= Sadfishing =

Seeking sympathy by exaggerating emotional problems

Sadfishing is a term used to describe a behavioural trend where people make exaggerated claims about their emotional problems to generate sympathy. The name is a play on "catfishing." Sadfishing is a common reaction for someone going through a hard time, or pretending to be going through a hard time. Sadfishing is said to hurt younger people, exposing them to bullying and child grooming. This is due to people sharing their personal and emotional stories online, a practice which sometimes result in the individual sharing the story being targeted by online abusers.
Another consequence of this behaviour is that people with "real problems" end up being overlooked or even accused of sadfishing themselves and being bullied for it.

Young people who seek support online have started being accused of sadfishing, a report has said. The report says that the accusations of sadfishing could further harm young people with mental health problems. Sadfishing is related to cyberbullying, and is often looked upon as a method of attention seeking.

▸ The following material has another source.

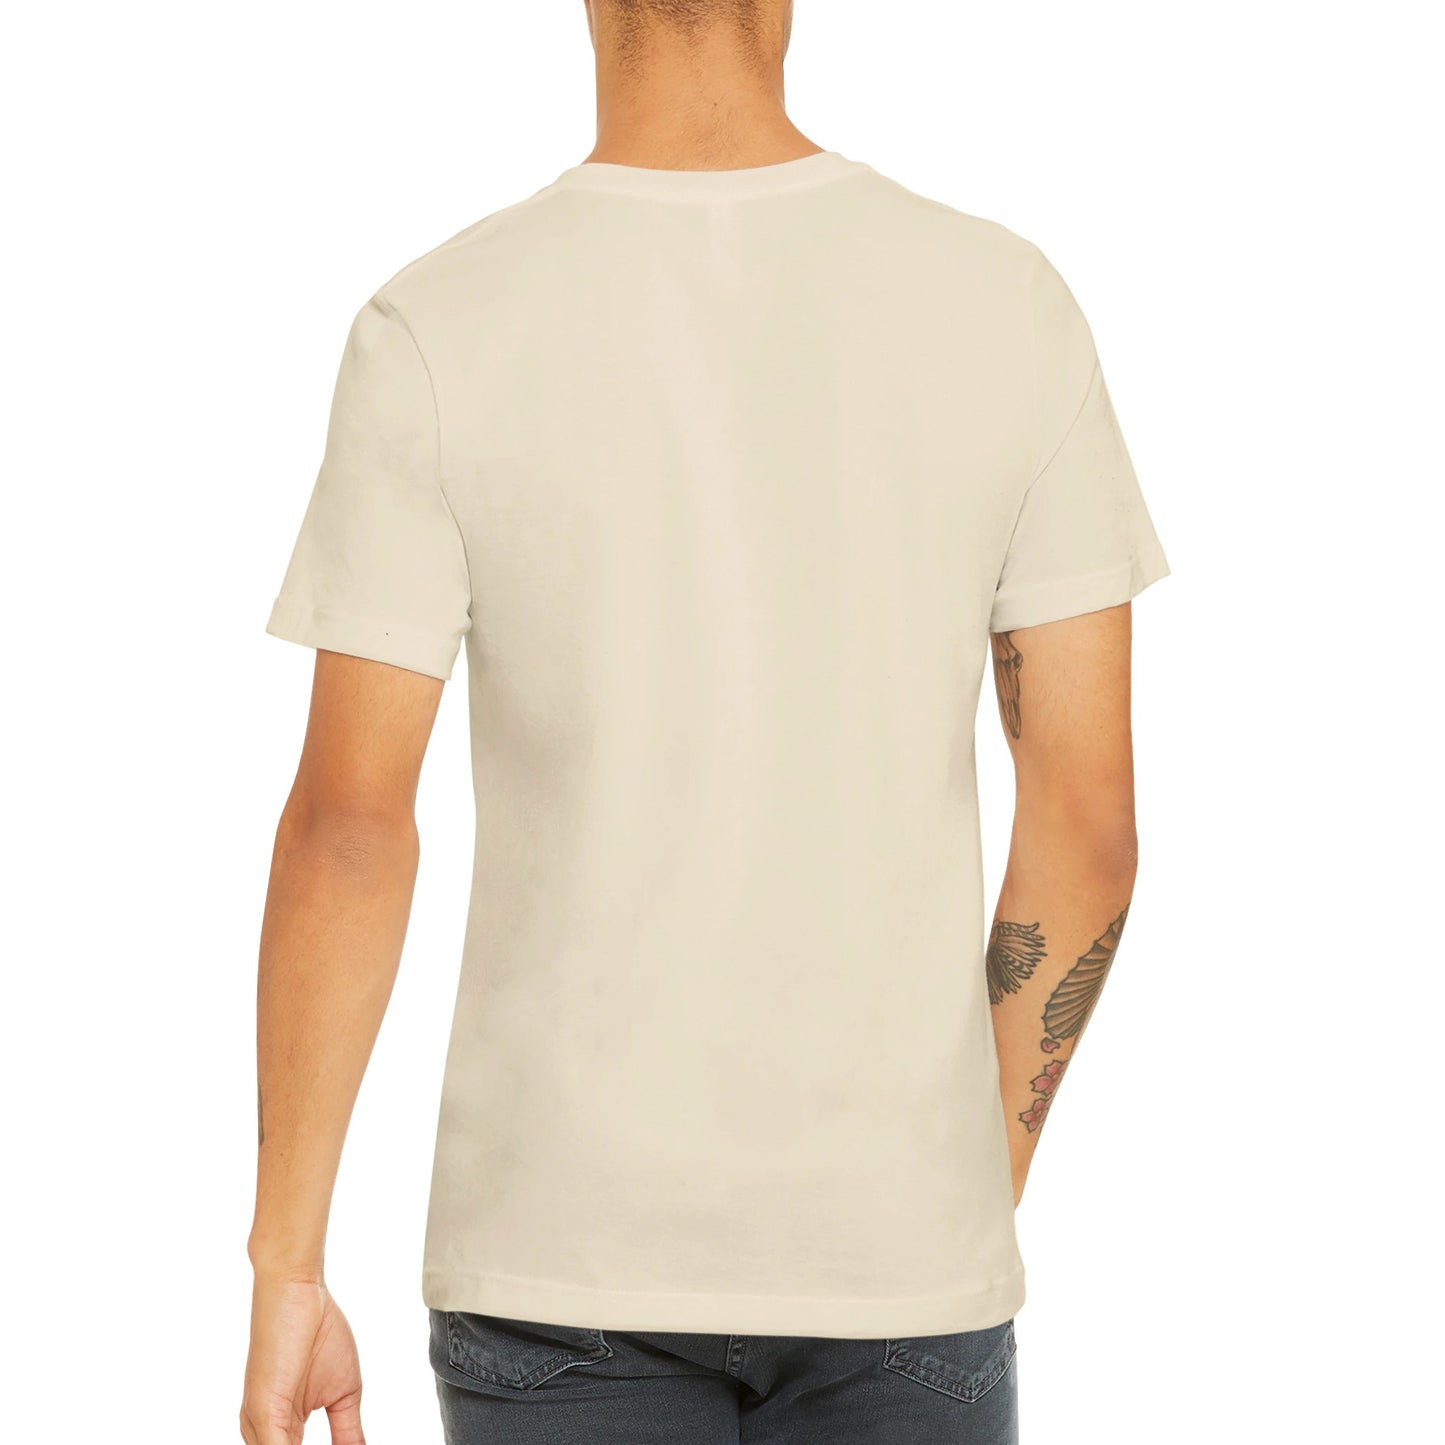 Günstiges Unisex-T-Shirt mit Rundhalsausschnitt/Ich mag Morgen nicht

Sadfishing has been said to attract bullies and paedophiles.

== Background ==
The first known usage of the word sadfishing was in January 2019, in an article for the Metro, written by Rebecca Reid in reference to Kendall Jenner's Instagram posts about her acne problems, posting pictures of herself while talking about it. The term was later picked up by Good Morning Britain, where they did an interview and talked about it. It started trending on social media at the start of October 2019, with several news channels and newspapers picking it up.

== Potential causes ==
Sadfishing can be caused by many things, the main reason being that someone doesn't get enough attention, and/or has low self-respect. This is proven by the fact that people sadfishing are looking for compliments: very close to narcissistic behaviour, but with desire for compliments from other people for self-satisfaction. Research has found that individuals engaging in sad-fishing tend to have an anxious attachment style. Sometimes adults partake in sadfishing because of jealousy. When someone finds themselves threatened by another person who takes all the attention, they may respond with sadfishing behaviour. Loneliness can result in sadfishing as well; by posting about their emotional problems, people tend to crave attention. Posts about anxiety and depression are really common while sadfishing, as people tend to show care and give attention to the one sadfishing. Another reason for sadfishing can be that someone feels uncomfortable sharing feelings with their close friends or family, and as a result they turn to social media to share feelings for sympathy and attention. Anti-social behaviour can lead to sadfishing as well: if someone has no friends and no one to talk to, they often end up sharing it online. Another reason for sadfishing can be trolling; people will troll and see if they can hook an audience onto themselves. Sadfishing can also be because of actually wanting help; people tend to sadfish in order to feel better, after letting people know that they need help.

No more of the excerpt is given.